ZIMBABWE will resume power imports after electricity generation plunged due to low water levels at Kariba dam.

In March the Zambezi River Authority, which is jointly run by Zambia and Zimbabwe who own the dam, allocated 16 billion cubic metres for power generation from 19 billion cubic meters in 2018.

As a result, electricity generation at Kariba Power Station has been cut to 358MW from the planned average of 542MW.

Energy Minister Joram Gumbo said he will travel to Mozambique to seek electricity imports.

“It is a fact and very well known that the water levels at Kariba have gone very low to the extent that we might not be able to generate power by October if we do not manage our water
well,” Gumbo said in a post-cabinet briefing on Friday.

“Cyclone Idai was very bad for us and for Mozambique as well. But, on the contrary, it also was very good for the Cahora Bassa Dam (located in Mozambique) because the dam is full. So, in the next few days or weeks, I will be making a trip to Mozambique to arrange for increased imports of power from the Cahora Bassa Dam because it is over-spilling.”

He said getting the electricity from Mozambique would depend on the availability of foreign currency.

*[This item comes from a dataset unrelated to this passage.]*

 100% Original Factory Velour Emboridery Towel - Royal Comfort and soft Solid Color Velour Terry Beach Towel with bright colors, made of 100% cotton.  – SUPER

Zimbabwe has traditionally imported 50MW from Mozambique.

Cahora Bassa Dam is the largest dam in Mozambique generating most of that country’s power through its power utility company, Hidroeléctrica de Cahora Bassa (HCB).

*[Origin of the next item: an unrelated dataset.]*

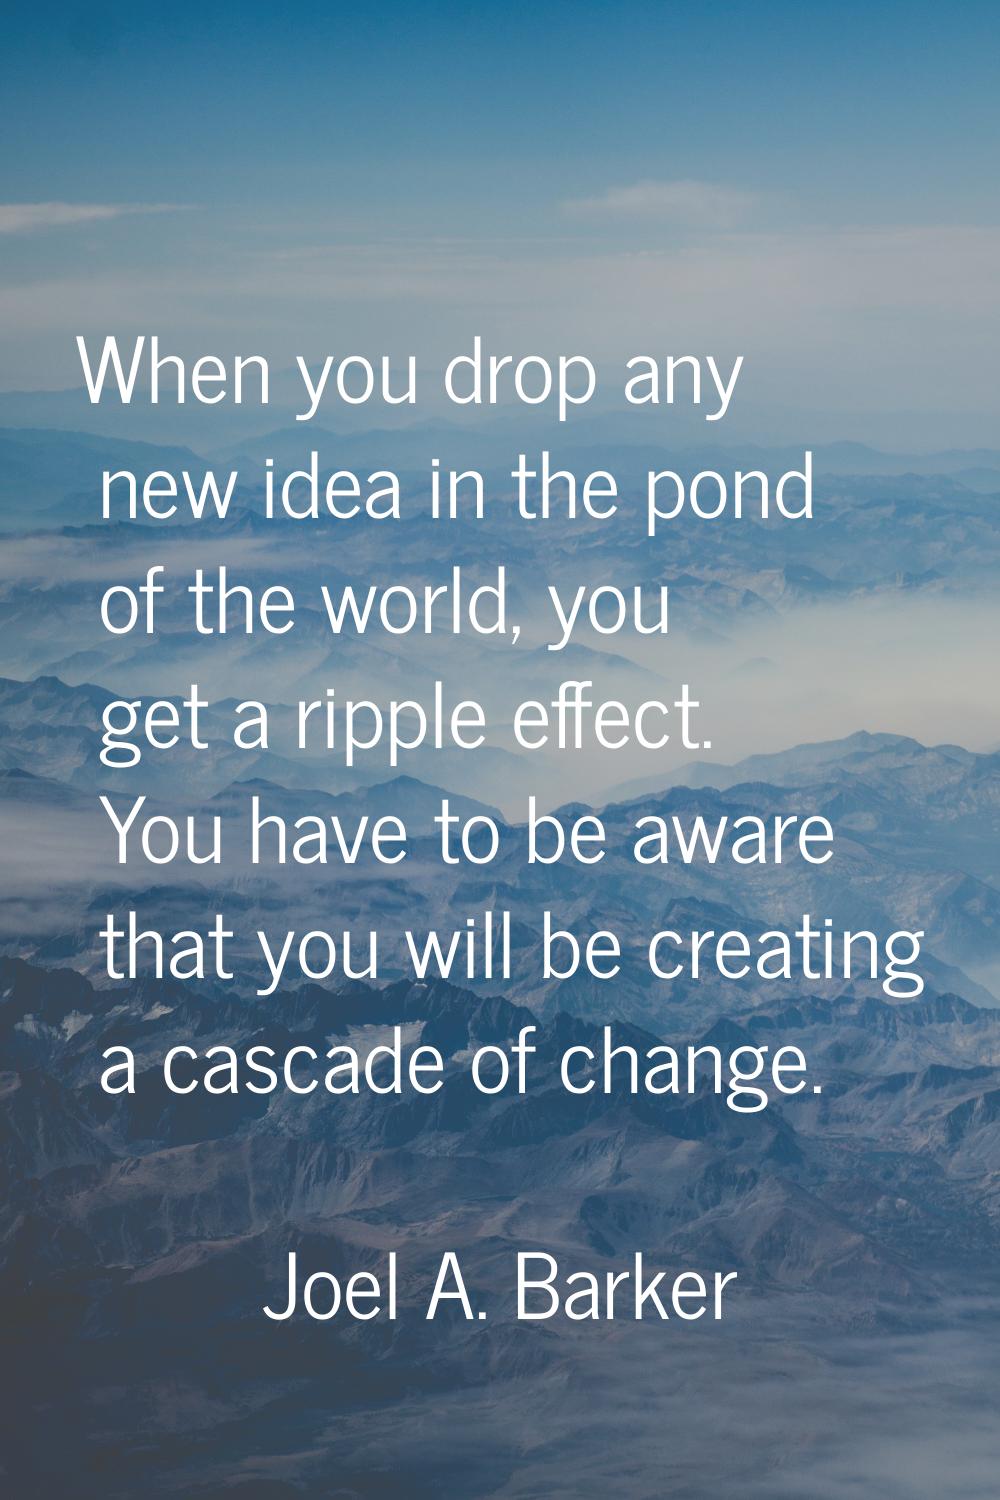 When you drop any new idea in the pond of the world, you get a ripple effect. You have to be aware

Zimbabwe which has in the past spent an average of US$5 million a week importing electricity from HCB and South Africa’s, Eskom had reduced power imports by almost 50% by June 2018 due to the good rainfall during the 2017/18 season.

The Zimbabwe Electricity Transmission and Distribution Company has since released a statement urging clients to use power sparingly.

“The Zimbabwe Electricity Transmission and Distribution Company is experiencing increased power shortfalls ie, demand and supply mismatch, due to low water levels at Kariba Power
Station, generation constraints at Hwange Power Station and limited imports. The power shortfall is being managed through load shedding in order to balance the power supply available
and the demand,” reads the statement.

“Every effort is being directed at improving the generation capacity to ensure that supply disruptions are kept at minimum levels. In order to assist in reducing the power demand, customers are encouraged to use the limited available power sparingly, by switching off all non-essential loads. Domestic geysers, swimming pool pumps, Jacuzzis and other related
equipment should be switched off at peak times for more areas to have power.”